-- Assignment --
With pictures removed, the data below should be returned exactly.

-- Collected data --
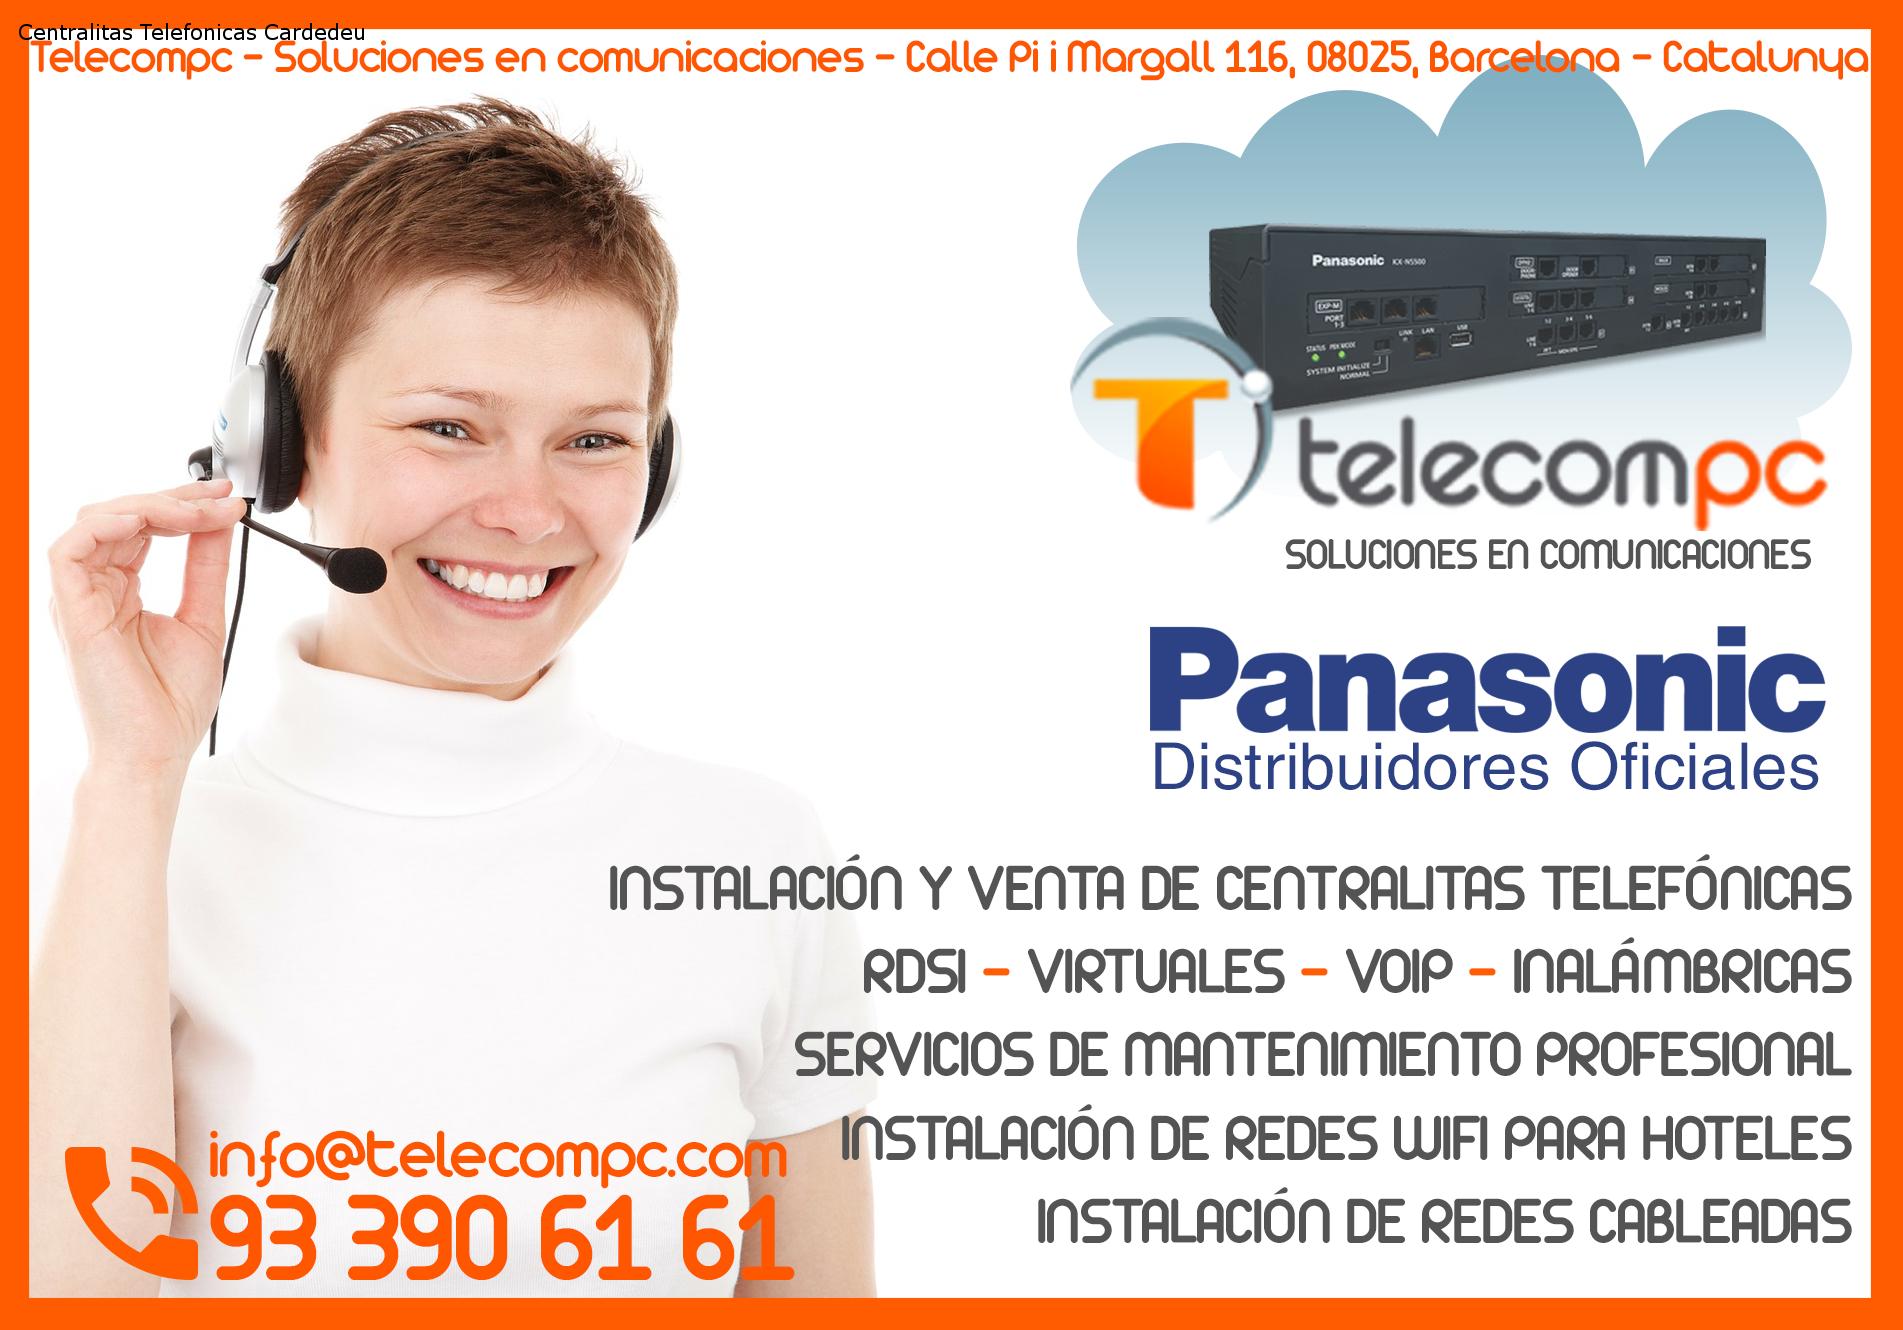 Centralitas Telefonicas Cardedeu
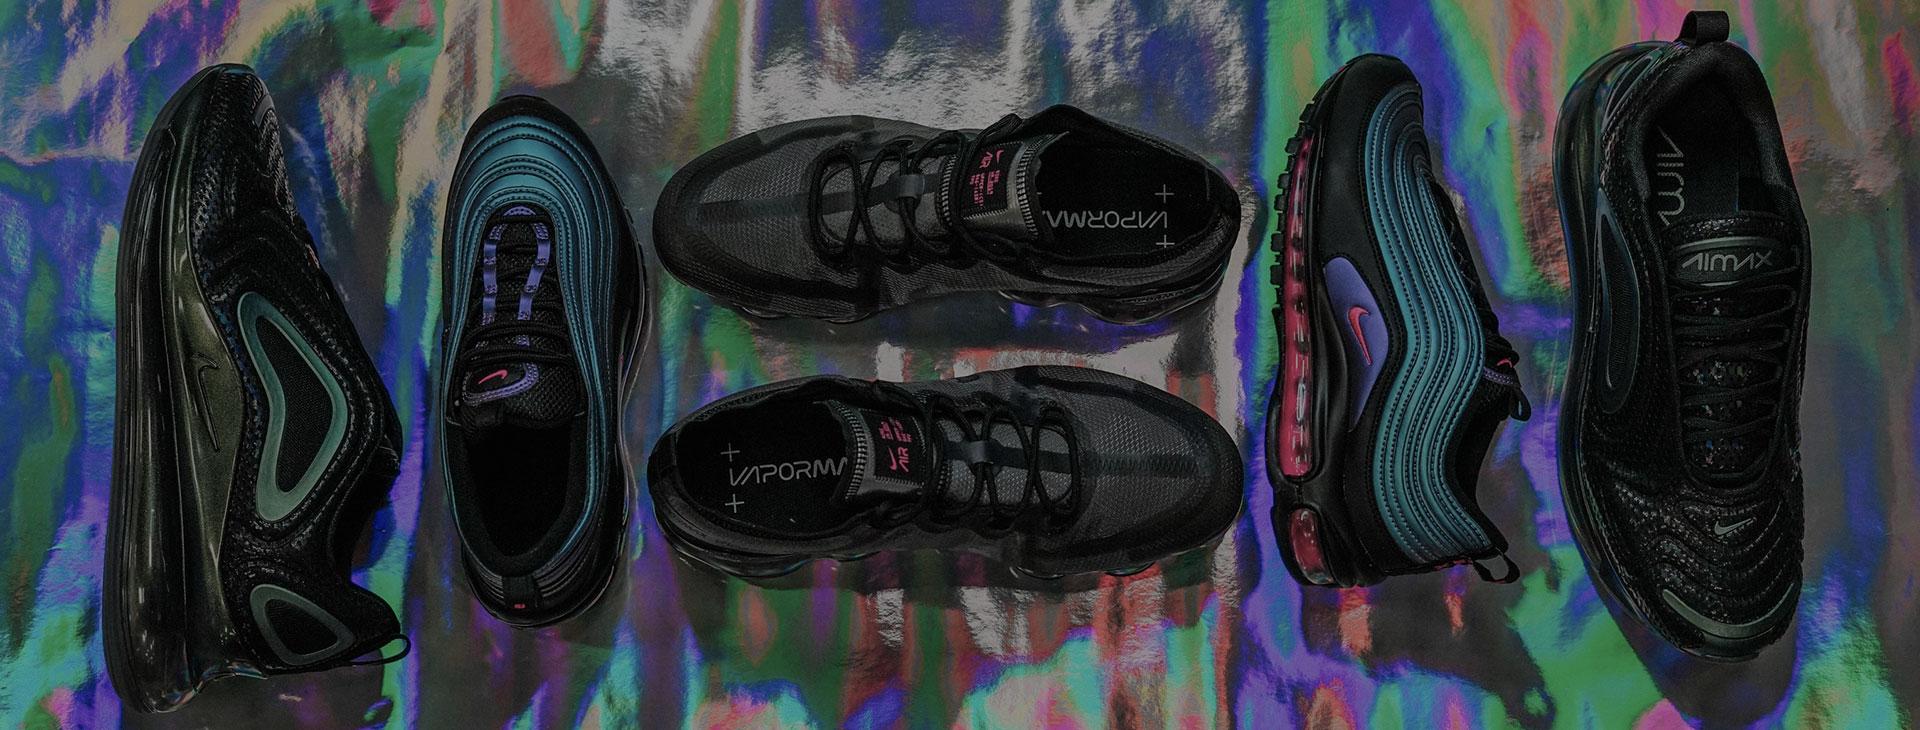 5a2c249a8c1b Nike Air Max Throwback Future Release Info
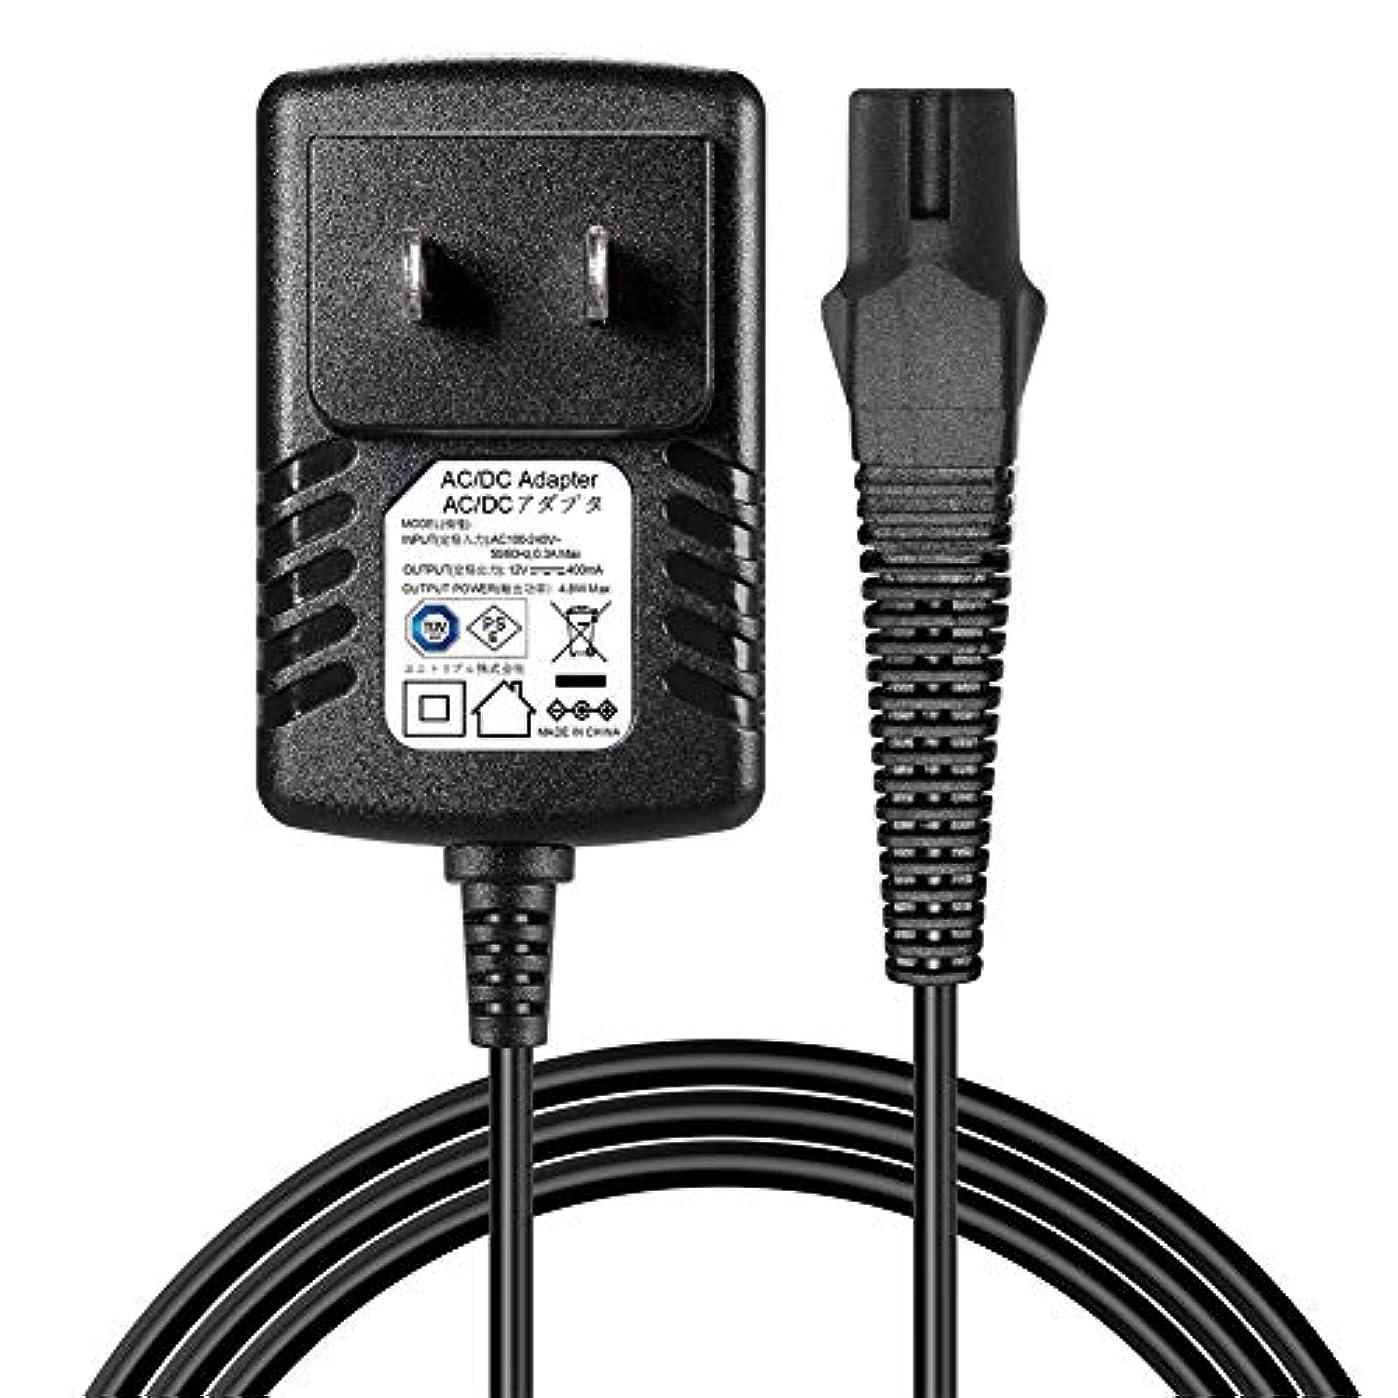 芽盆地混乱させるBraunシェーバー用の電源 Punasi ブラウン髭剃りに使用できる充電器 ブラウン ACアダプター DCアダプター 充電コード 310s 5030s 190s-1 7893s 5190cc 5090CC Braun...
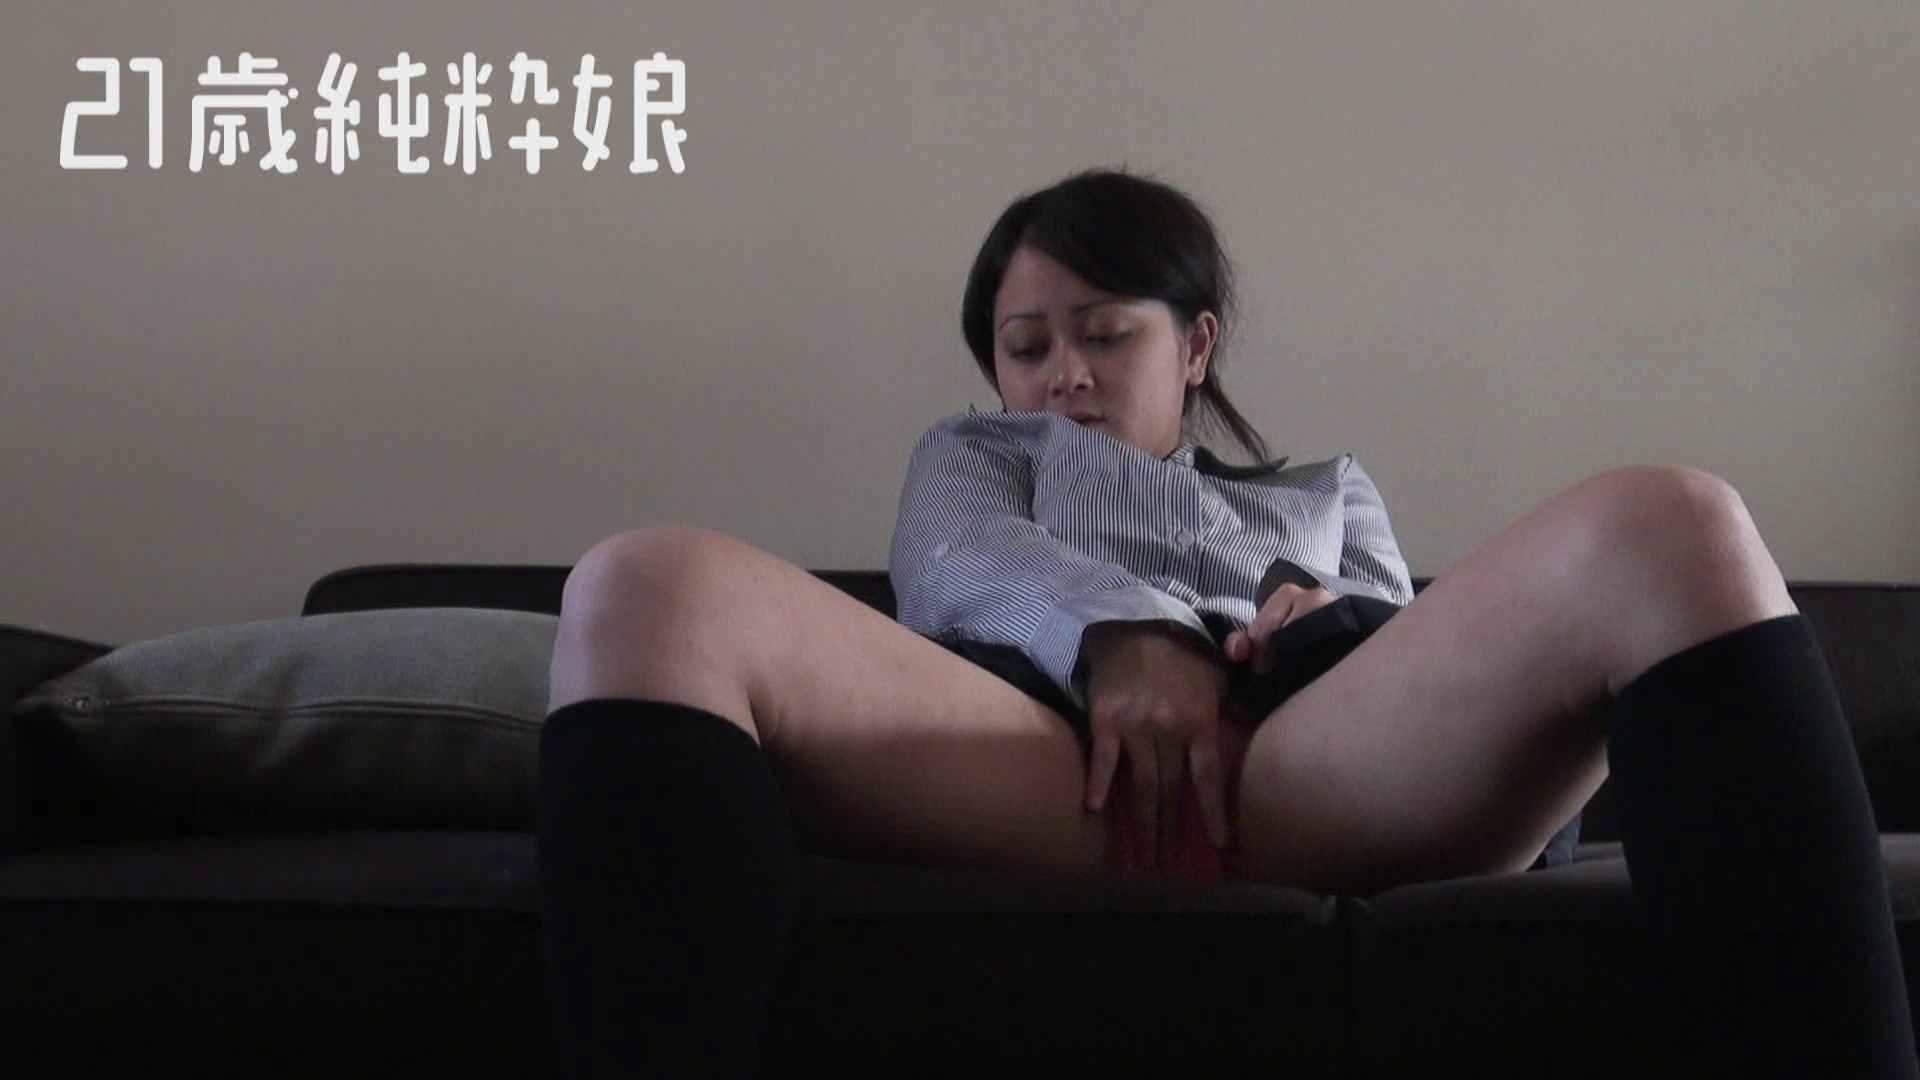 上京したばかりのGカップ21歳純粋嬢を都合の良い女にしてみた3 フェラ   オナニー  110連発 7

-- Written reply --
 Centralitas Telefonicas Cardedeu
 5a2c249a8c1b Nike Air Max Throwback Future Release Info
 芽盆地混乱させるBraunシェーバー用の電源 Punasi ブラウン髭剃りに使用できる充電器 ブラウン ACアダプター DCアダプター 充電コード 310s 5030s 190s-1 7893s 5190cc 5090CC Braun...
 上京したばかりのGカップ21歳純粋嬢を都合の良い女にしてみた3 フェラ   オナニー  110連発 7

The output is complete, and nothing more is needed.